From May 25 to Dec. 31, 2018, the DPC also received 38 data breach notifications involving 11 multinational technology companies. Some of these, such as the Facebook single sign-on breach, resulted in the DPC launching investigations (see: Facebook Submits GDPR Breach Notification to Irish Watchdog).
In December 2018, ISMG reported that the number of data breach reports filed since GDPR went into effect had hit about 3,500 in Ireland, over 4,600 in Germany, 6,000 in France and 8,000 in the U.K. (see: GDPR: EU Sees More Data Breach Reports, Privacy Complaints).
Security experts say the increase in breach reports does not necessarily mean that the frequency of data breaches is rising. Rather, GDPR's mandatory breach reporting requirement is for the first time beginning to provide visibility into the actual prevalence of data breaches in Europe.
Privacy Complaints Spike
Last year after GDPR went into full effect, the DPC received 2,864 privacy complaints. Under GDPR, as with prior European privacy rules, any European can file a complaint with their country's privacy watchdog if they believe that their personal data has been misused.
For all of 2018, the DPC said it received 4,113 privacy complaints, which was a 56 percent increase from 2017 (see: GDPR Effect: Data Protection Complaints Spike).

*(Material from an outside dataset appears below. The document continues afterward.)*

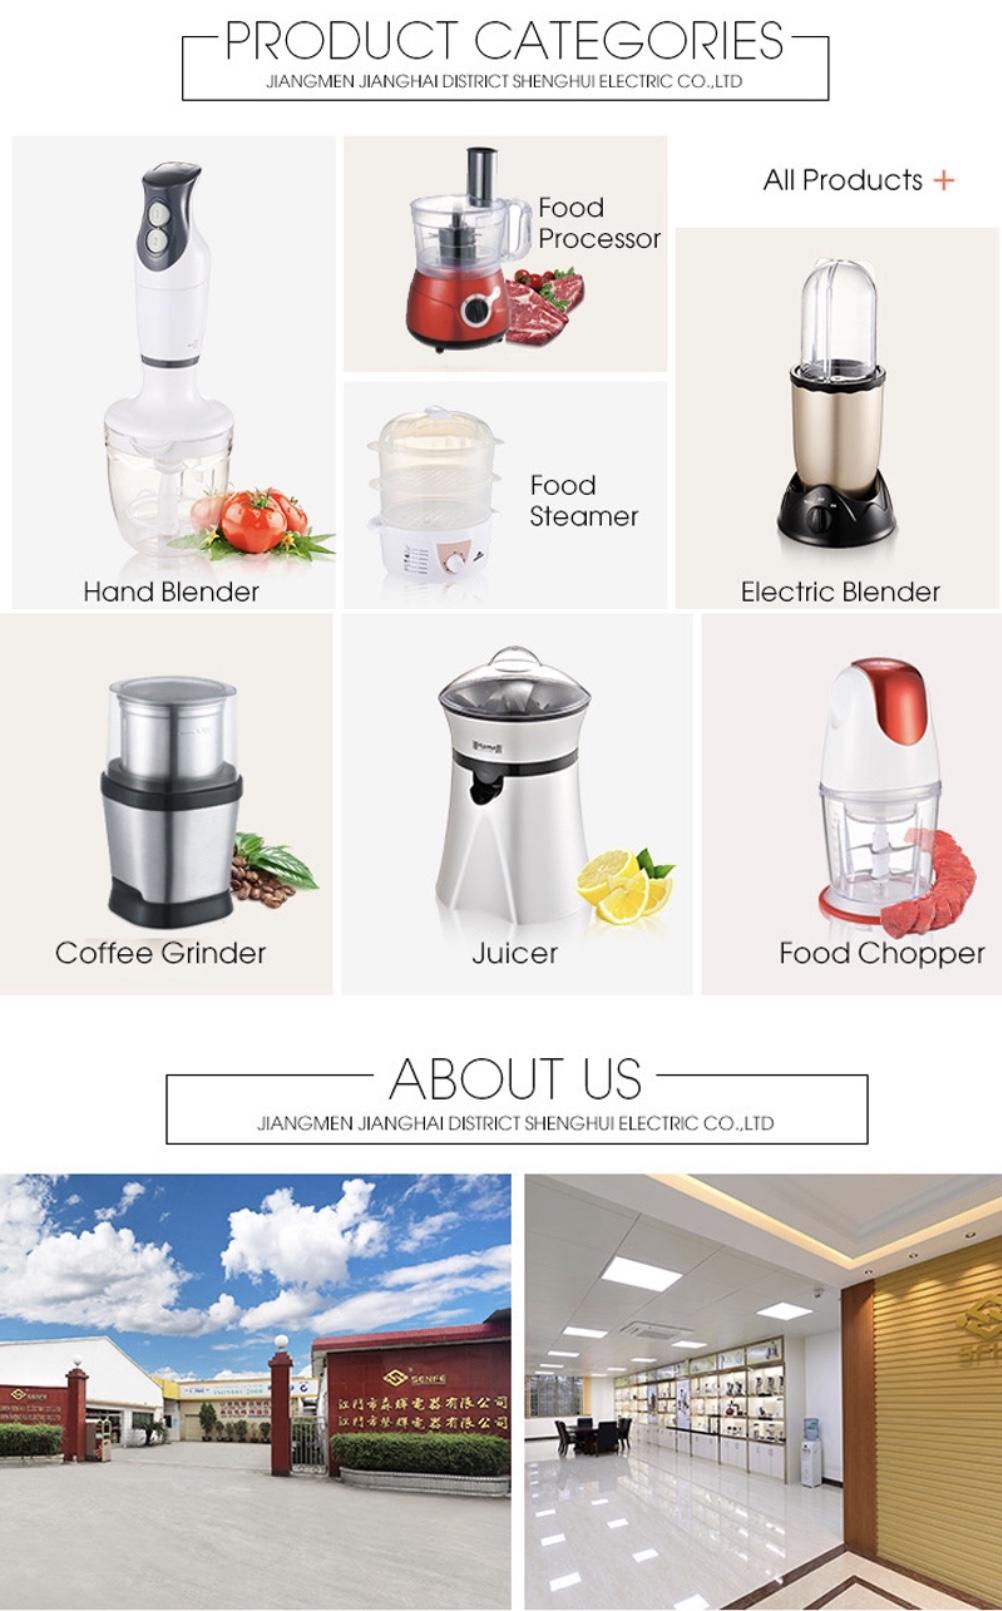 Product Categorise

"The rise in the number of complaints and queries demonstrates a new level of mobilization to action on the part of individuals to tackle what they see as misuse or failure to adequately explain what is being done with their data," says Helen Dixon, Ireland's data protection commissioner.
Irish Regulator is Hiring
Given Ireland's status as the main EU establishment for so many overseas technology firms, the DPC says it's been continuing to expand.
"The Irish DPC has been in expansion mode for the past four years, and we are not stopping now," Dixon says. "Following a major recruitment campaign in 2018, 30 new staff had joined the DPC by the end of December, with a further 20 coming on board in January 2019, so that the DPC has grown to 135 staff. We will recruit an additional 30 staff this year in order to meet the demands of the tasks assigned under the GDPR and to deliver public value in what is an area of critical importance to society."